Escaping SA’s poverty trap requires global integration

19th August 2015

Skilled professionals continue to depart beautiful and temperate South Africa for Dubai and Abu Dhabi. How is this explained? For Asians unaffiliated with SA’s history or ethnic groups, it is easy to see that the Suez Canal, built 150 years ago and recently expanded, limits SA’s current potential at least as much as apartheid’s significant residues.

The United Arab Emirates and neighbouring Qatar could not have hoped to mimic the Singapore growth model were it not for the canal. Like SA, these nations need to overcome the “resource curse” which undermines investing in people and competitive enterprises. Unlike SA, these countries are run by monarchs who are taking a long view. Manufacturing does not offer realistic development paths for them – or SA – while the canal upgrades their shipping and trading relevance at SA’s enduring expense.

SA’s economy withstood isolating sanctions under apartheid through focusing on developing broad competencies. Meanwhile Asian growth was surging based upon global integration, competitiveness, and specialisation. When the ANC came to power, they showed little interest in global integration and specialisation as this required an emphasis on competitiveness which was anathema to their Tripartite Alliance partners.

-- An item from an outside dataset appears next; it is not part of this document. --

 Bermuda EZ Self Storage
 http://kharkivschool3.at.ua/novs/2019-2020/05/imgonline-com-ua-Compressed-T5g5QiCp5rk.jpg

Achieving international competitiveness is a much higher bar than simply being competent

It is time to accept that SA has entered a poverty trap reflecting how both the former and current political regimes chose political patronage reliant upon resource extraction instead of supporting broadly empowering growth models in accord with global conditions. The costs of isolation are again threatening a breaking point.

SA’s extreme levels of unemployment, poverty, household debt and now prolonged low growth are symptoms evidencing a poverty trap. Compared to recessions, poverty traps are far less common, less well defined, and much harder to escape. The causes of SA’s poverty trap trace to policies and positioning which place the nation at odds with the demands, and opportunities, of today’s highly integrated and ultra demanding global economy.

Binding constraints, such as Eskom’s production woes, limit per capita income growth to, at best, 2% a year for the next several years which is insufficient to alleviate poverty or unemployment. That SA’s economy is held back by an expanding parade of binding constraints points to deeper difficulties.

Sixty percent of the people in the world are Asian and from their perspective, SA’s Europeans and Africans are collections of tribes which have long been wrestling to control SA’s natural resources without ever having focused on producing value-added exports. Conversely, the spectacular rise of East Asia is the story of nations importing manufacturing know-how and then successfully competing globally. This growth model has never taken hold in SA, a land profoundly endowed by nature and hectically isolated. Both characteristics arrest competitiveness. The much-celebrated political transition of 1994 led to a lifting of sanctions yet the trajectory of SA’s integration into the global economy remains woefully inadequate.

The value of resource endowments has recently taken what is quite likely to be a lasting hit. The information era and climate change concerns are combining in ways which can permanently downgrade industrial and extraction prospects.

Technological advances are combining with commercial ingenuity such that renewable energy options are achieving decisive cost advantages. Various energy crossover points are being traversed. Many advances compete with each other but generally they combine to threaten the value of energy deposits. Coal deposits litter the frontlines of casualties.

While energy is consumed, metals can often be recycled. Driverless cars have greater disruption potential than cell phones. They will be lighter and far fewer of them will be needed per passenger kilometres traveled. As cars, machines and building are retired, they will compete ever more effectively with mines as sources of raw materials.

Mind boggling volumes of poverty alleviation have been achieved globally over the past generation. The base formula distils down to: diffuse knowledge from richer countries to poorer nations so that they can compete effectively at selling goods and services to wealthy consumers. The ANC’s Tripartite A lliance has been seduced by redistribution’s allure while they find focusing on competitiveness as appealing as a cold bath in winter.

Manufacturing employment growth will remain elusive while exporting services requires a much greater front-loading of skills. Such investments are common among high growth countries whose successes begin with their governments investing in people while inspiring investor trust.

It is unusual for a country to become so deeply gripped by a poverty trap. More typically, banks or the country will default thus triggering constructive policy reforms. SA’s banks, capital markets, and natural resources have provided a dangerous, but false, sense of resiliency. The real economy is in real trouble. Households are overly indebted and very few are headed by globally competitive workers. The ANC, along with various analysts, misjudged the economy’s capacity to fund redistribution programmes. The patronage focused state has discouraged investments to extract buried wealth while failing dismally to unite knowledge and aspirations to successfully compete and collaborate globally.

There are ways to escape the nation’s poverty trap but they involve doing something that SA has never done: integrate within the global economy through achieving competitiveness across a broad range of specialised activities. The political-economy transformation of the 1990s remains half done.